Here is an updated tank pic, and some shots of the water changer setup and lighting set up for those that maybe interested.











































Thanks for looking!

Greg


----------



## CL (Mar 13, 2008)

NICE! I love that moss wall!


----------



## hungtran10 (Jul 5, 2008)

very interesting design. did you buy the driftwood with the java ferns attached already or did you attach them yourself? are you planning on adding more fish in the future? how does your homemade water changer work?

best regards,

- Hung


----------



## Tex Gal (Mar 28, 2008)

Your moss wall is really coming along. I think the reason there doesn't seem to be any depth is because you really only have 2 main height dimensions. If you were to add some taller plants and some shorter plants it would give you more depth. If you kept your taller plants trimmed so as not to go to the top and not to think to cover your back wall your wall would still be appreciated. It could peak out between plant groupings. 

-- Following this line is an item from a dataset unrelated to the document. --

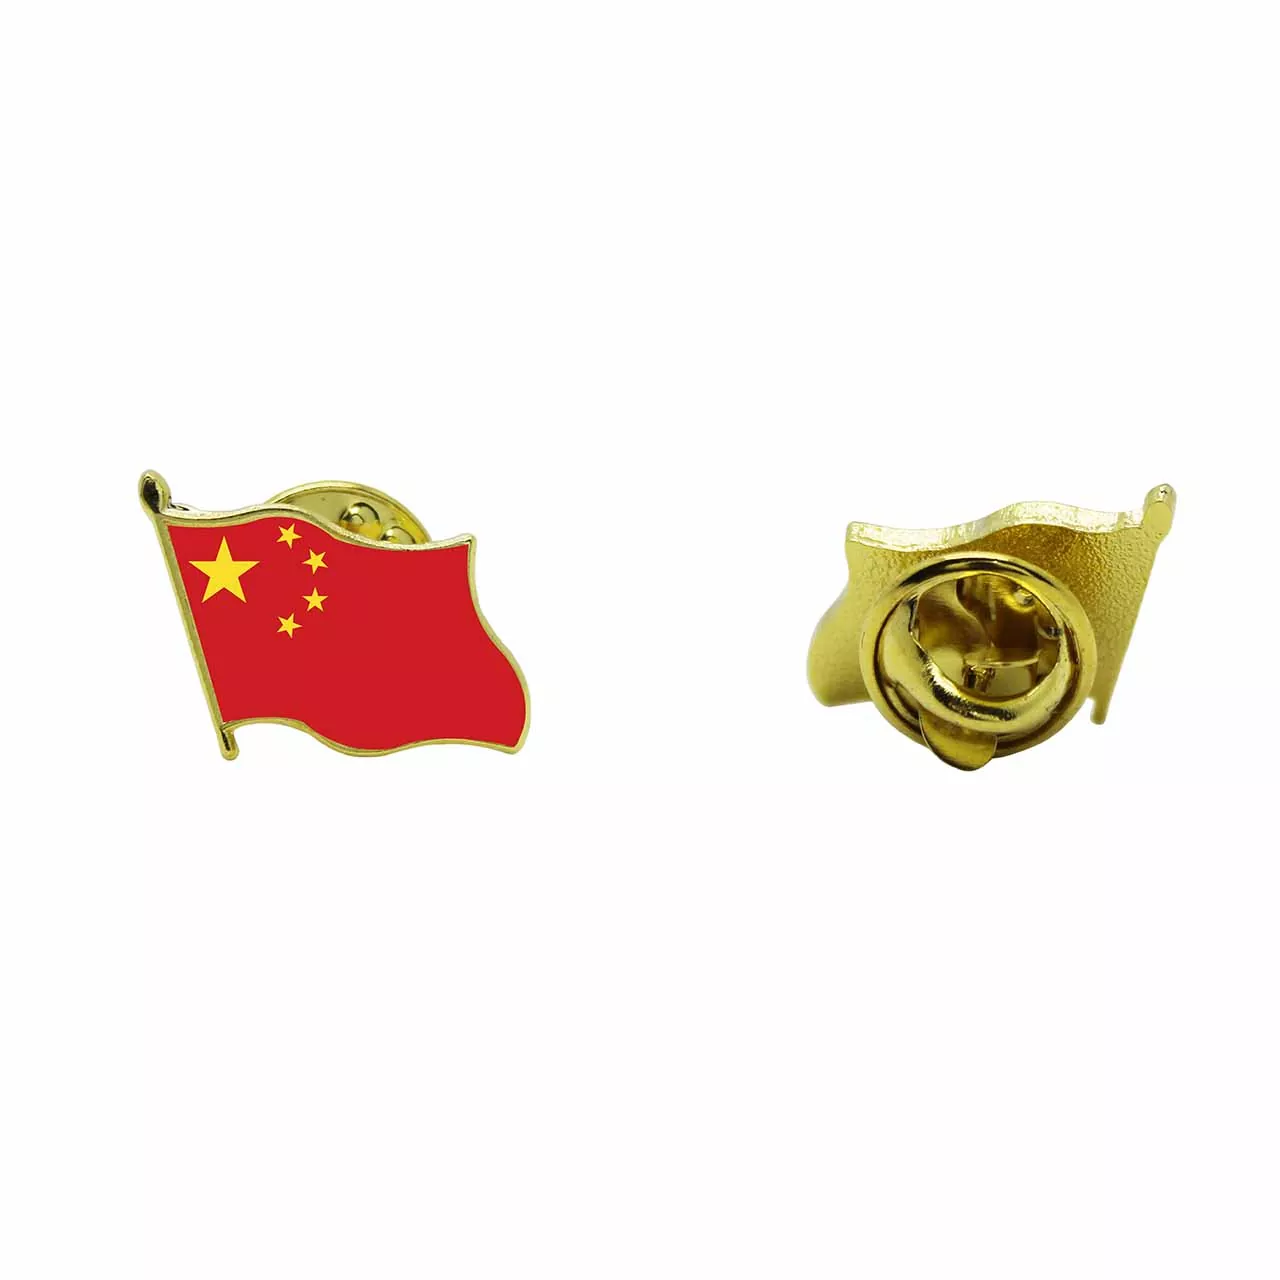 China National Flag Lapel Pins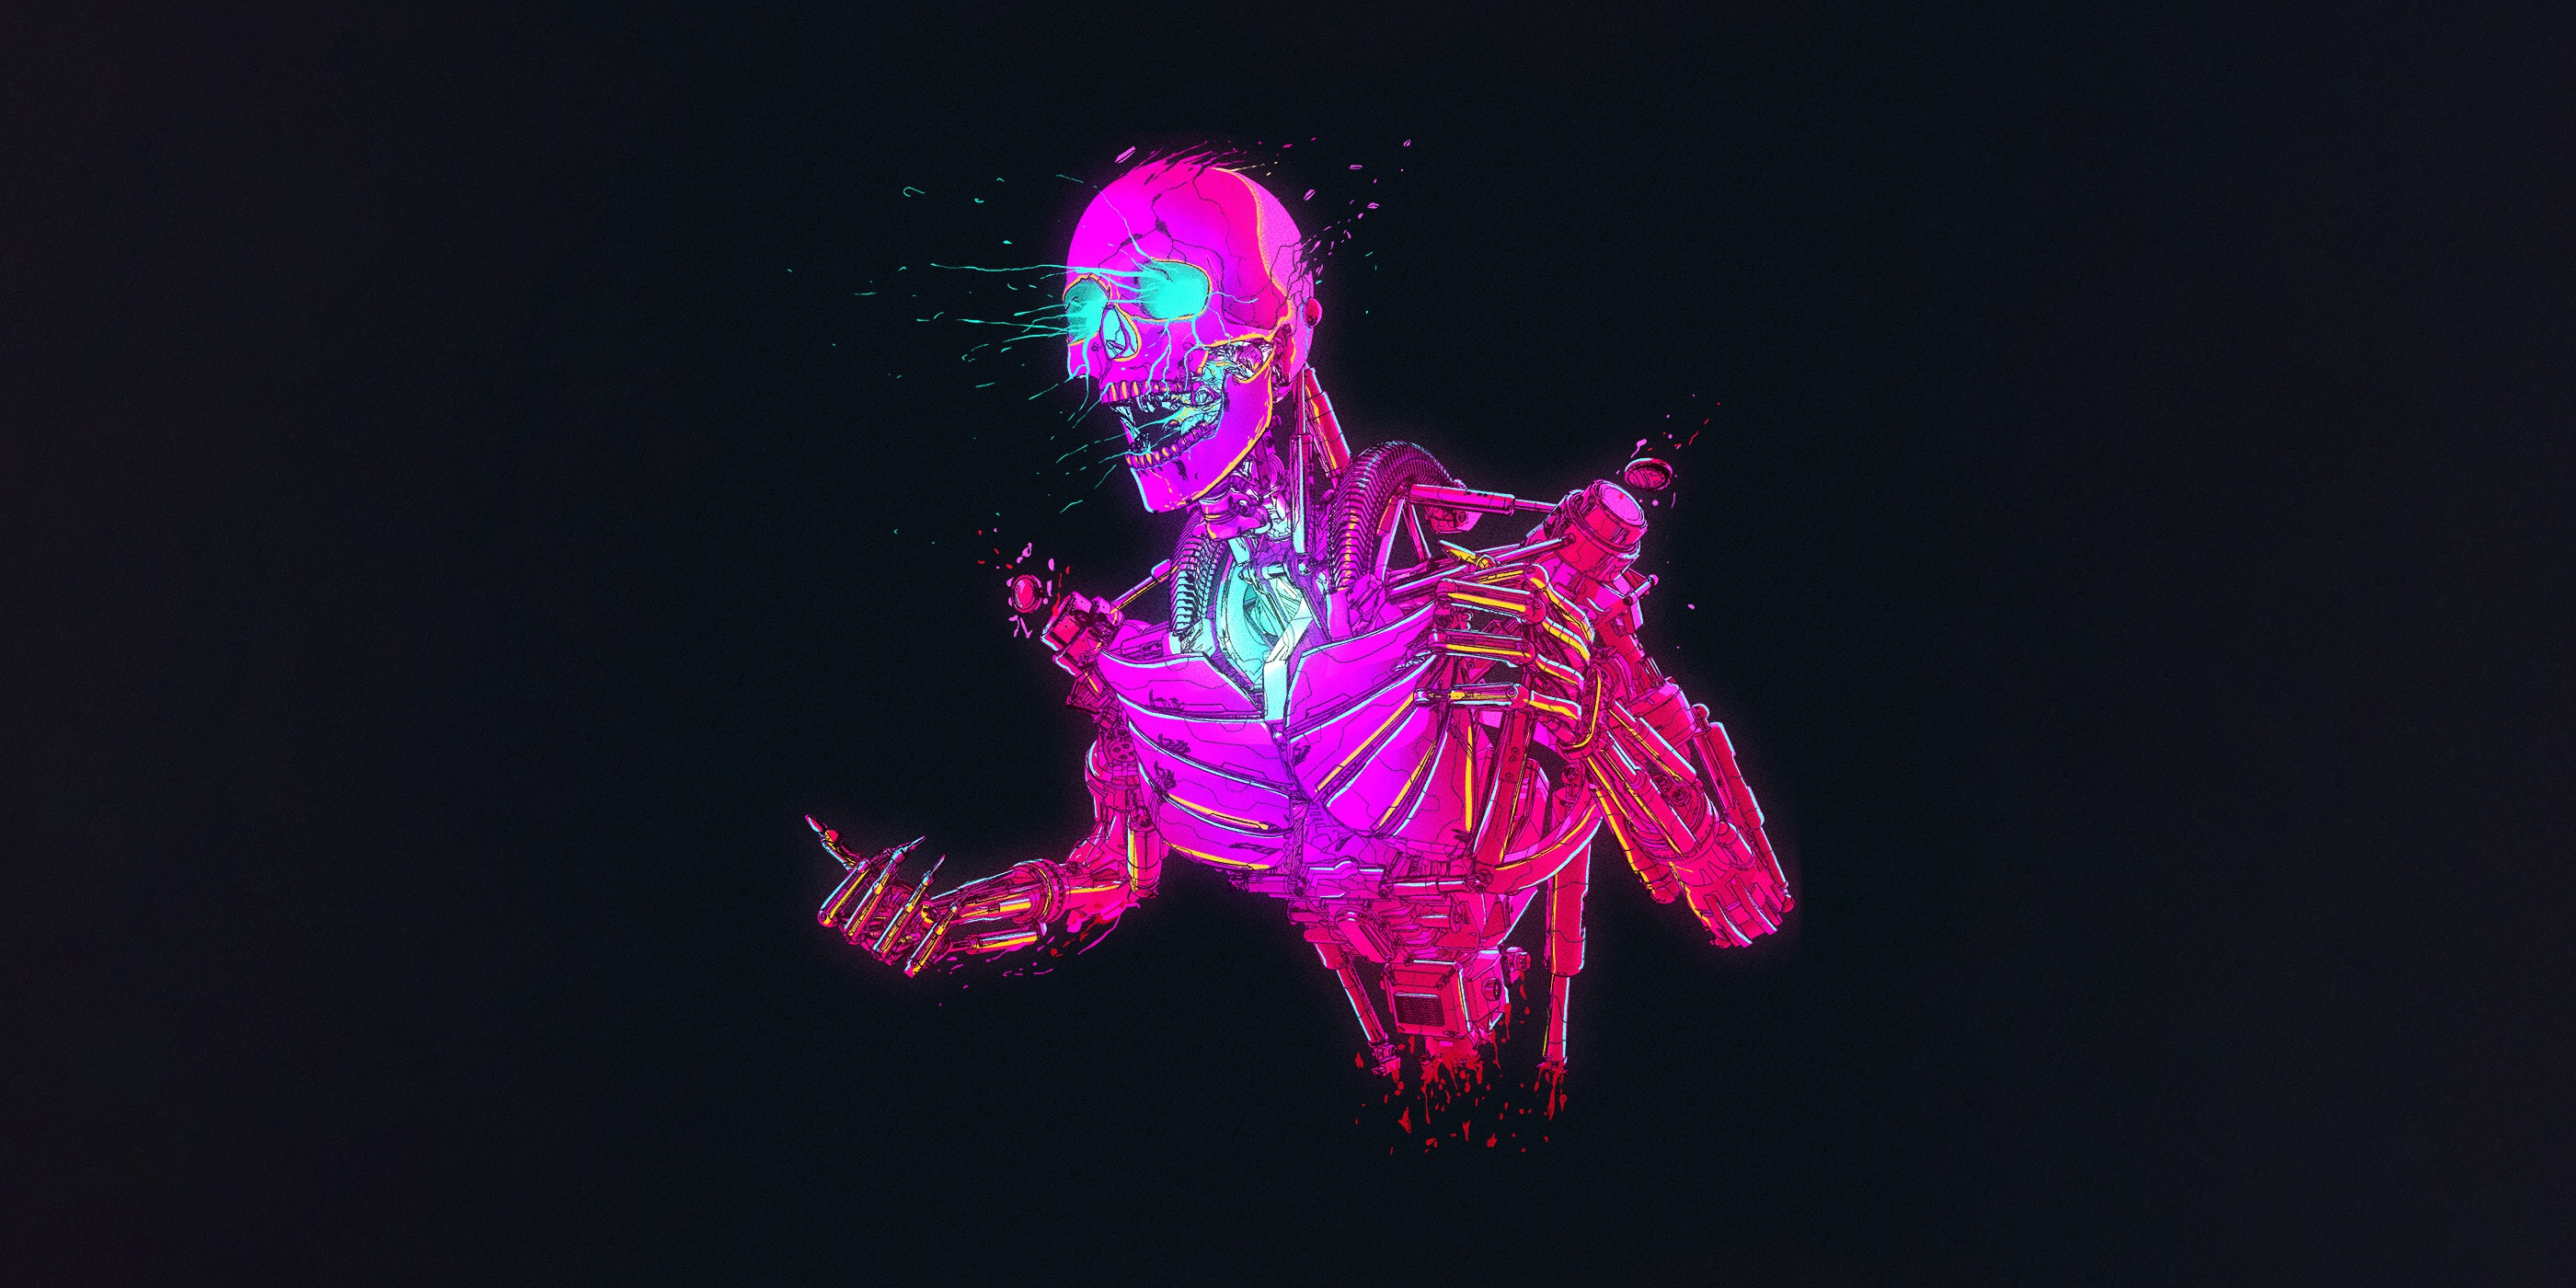 Cyberpunk logo animation фото 76

....anyway... just a thought.


----------



## scherzo (Jul 22, 2007)

Wow.. looks good. Great growth for a month.. What are the tank dimensions? Is it a 55 long?


----------



## Greg Stephens (May 24, 2008)

*Re*

Thanks everyone, the tank is a 55 gall Long so 48 x 12 x 18ish I think.
I went out and found the drift wood boiled it cured it and set it all up from scratch.
The water change is simply a siphon overflow on the filter outlet side of the tank.
I open the 1/4 line/valve on the filter inlet side of the tank once or twice a day for about an hour a clip.
I am hoping the rest of the moss will will fill in soon it is already looking pretty nice,

Thanks again!

Greg


----------



## MikeS (Apr 27, 2008)

That moss wall is going to beautiful.


----------



## Sticky230 (Mar 30, 2008)

Pardon my nosyness, but what is on the left side of the room on the bottom pics? Are you a breeder?


----------



## Greg Stephens (May 24, 2008)

*Re*

:thumbsup: LOL
No worries, they are snake cages.
And yes I breed Green Tree Pythons, I would post some room pics but i don't know about the OT post restrictions here.

Greg


----------



## epicfish (Sep 11, 2006)

Go ahead and post them. There's a whole thread dedicated to non-wet pets.


----------



## c_sking (Aug 4, 2008)

chondros are like a wet pet, think of them as tree eels. I would love to see your breeder set up.


----------



## lauraleellbp (Feb 3, 2008)

It's your Journal thread, so post them here if you'd like (I'd love to see them, too!) Or you could post them in the Vivarium forum, or in the Lounge. :thumbsup:


----------